Currently, the U.S. is going through an opioid epidemic and opioids are frequently discussed in the news. I think it is important to look at the bigger picture. Humankind has a long history with opioids. There are some theories that even Neanderthals used poppy seeds. A good timeline is presented here by PBS. There were even opium wars between the British Empire and China with the British Empire promoting opium trade. It is a fascinating read about the first opium war and then the second opium war. At that time people had all kind of ideas about how drugs work. A quote from the first article above: "during the many centuries that opium and its derivatives were used for pain, the efficacy of opiates was often attributed to divine benevolence. Thomas Sydenham, the 17th-century “English Hippocrates,” wrote “Among the remedies which it has pleased Almighty God to give to man to relieve his sufferings, none is so universal and so efficacious as opium.” Sir William Osler called opium, “God’sOwn Medicine.”

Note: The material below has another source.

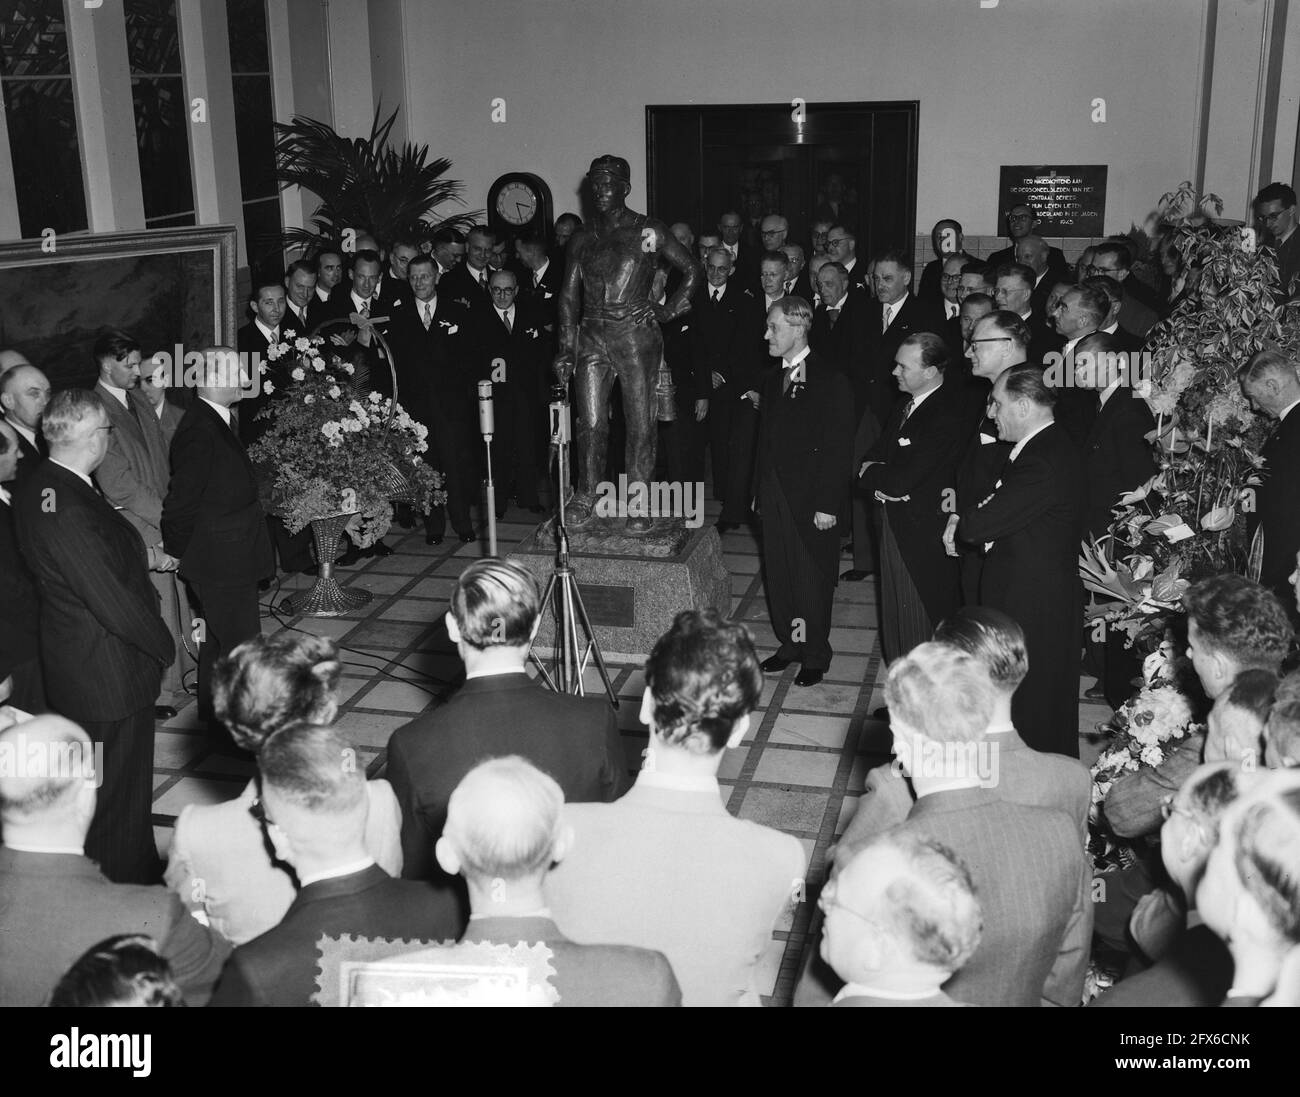 The Golden Jubilee of the State Mines in Limburg. A statue representing a miner was offered by the mine personnel. The unveiling of the statue made by the sculptor Melis. On the right, Dr. Ch. Th. Groothoff (President), May 8, 1952, SCHEDULE, STAATSMIJNEN, offers, jubilee, The Netherlands, 20th century press agency photo, news to remember, documentary, historic photography 1945-1990, visual stories, human history of the Twentieth Century, capturing moments in time Stock Photo

Our last excessive use of opioids started in the lat 20 years with a significant increase in deaths. CDC estimates that from 1999 to 2015, more than 183,000 people have died in the U.S. from overdoses related to prescription opioids. This does not include the deaths related to illegal opioids. More statistics are available on the CDC website. In March 2016 CDC came up with guidelines about opioid prescription: long version and short version. Basically, the recommendation is to be very cautious when prescribing more than 50 mg Morphine equivalents daily and have a very good reason to prescribe more than 90 mg Morphine equivalents daily. Most people nowadays are prescribed hydrocodone and oxycodone as outpatient opioid medication. Hydrocodone dosage is equivalent to morphine dosage, so 10 mg hydrocodone is equivalent to 10 mg morphine. Oxycodone is one and a half time more potent than morphine, so 10 mg oxycodone is equivalent to 15 mg morphine. Oxycontin is the slow release version of oxycodone and the same conversion as for oxycodone applies.